A retrospective CD and a reunion gig at the Barrowland Ballroom in Glasgow in 2005 showed them that interest in the Beatstalkers remained keen and the band enjoyed getting back together.

"I'd kept in touch with everybody except Eddie Campbell, our piano player, but he heard about the CD coming out and got in touch, and when we got together to play, it was like old times," says Mair.

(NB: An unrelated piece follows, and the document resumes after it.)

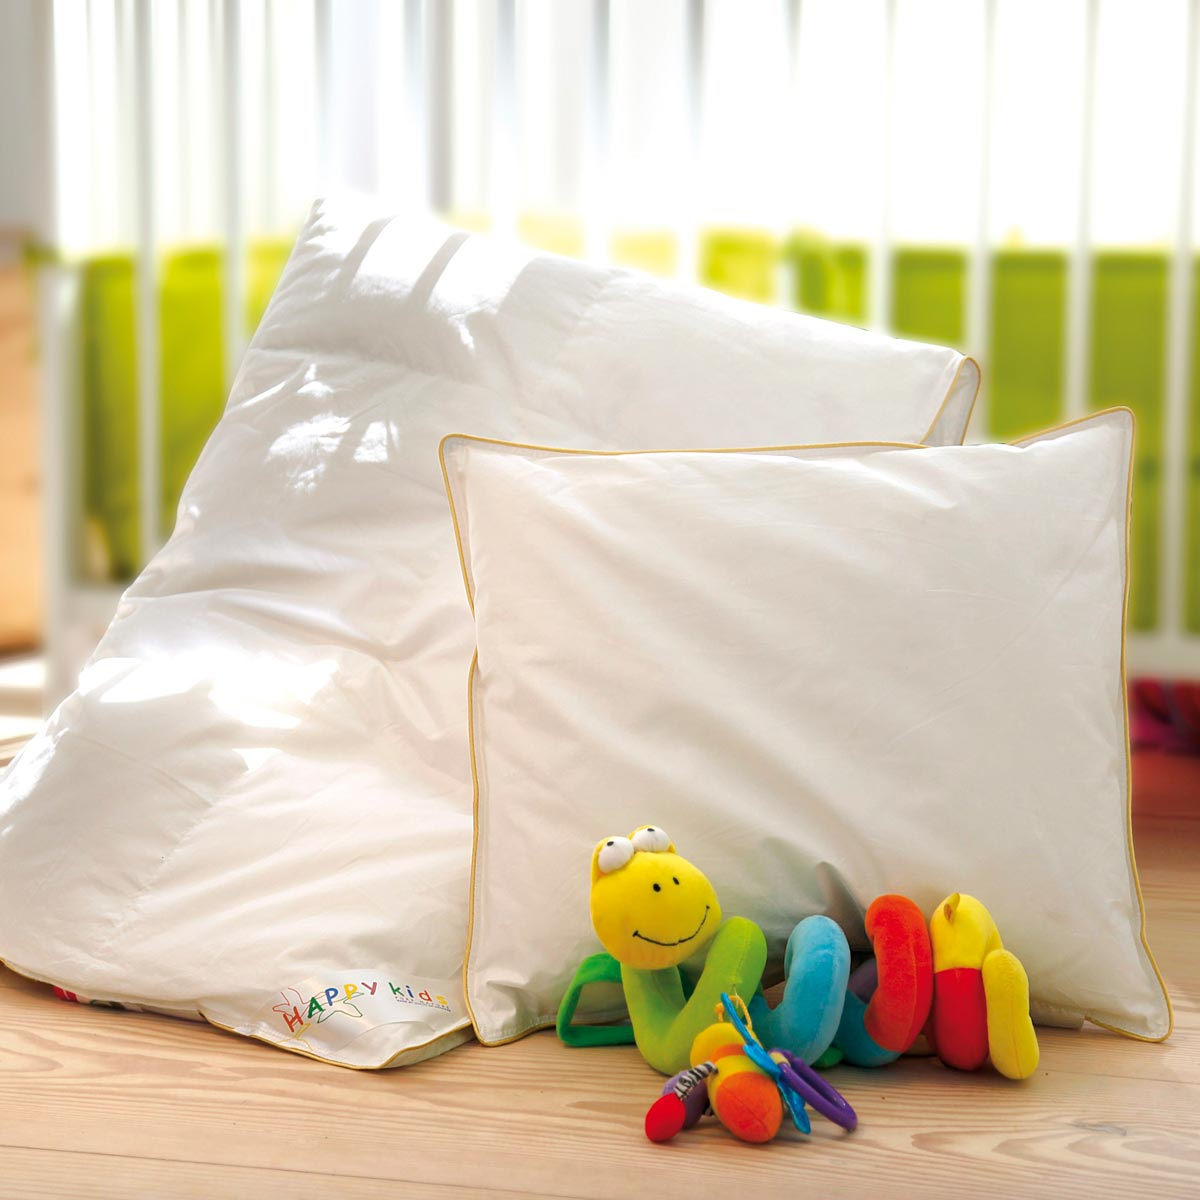 juniordyne Happy Kids juniordyne + pude med gåsedun (helår)   Dynehuset juniordyne
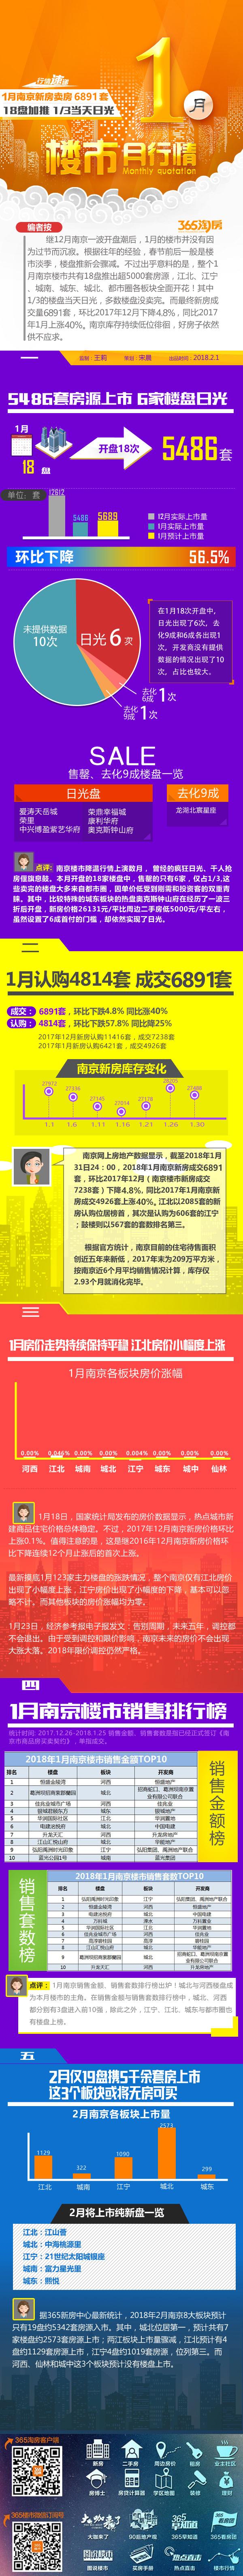 1月南京楼市网尚数据

"The guys in the band are probably my oldest friends. I went to school with Dave [Lennox], our singer, and I'd always see Ronnie [Smith, guitar] when I was back in Glasgow, and there's a really good feeling when we all meet up. It never really bothered us that we didn't make it bigger and we weren't disappointed in the end because we didn't fail on our terms. If we'd failed with songs we'd chosen, instead of songs that were chosen for us, we might have beaten ourselves up a bit."

For their Celtic Connections gig, the band will be without Campbell, who had a gig of his own he couldn't get out of, but they'll have British R'n'B legend Zoot Money, with whom drummer Jeff Allen works regularly, on keyboards in his place. They also have a brass section and backing vocalists, so it's a bigger show than the gigs they played in the 1960s.

"We're really pleased to be playing in the Arches," says Mair. "Because it'll feel like a club gig and it'll be a bit like Le Cave, which was just round the corner underneath another set of arches and was the hip gig to play back in the day. Alex Harvey's Big Soul Band, Blues Council, bands like that all played there – and eventually so did we. So although we've never played the Arches, it'll still be like being back in an old haunt."

The Beatstalkers play the Arches on Saturday with Hamish Stuart of the Average White Band.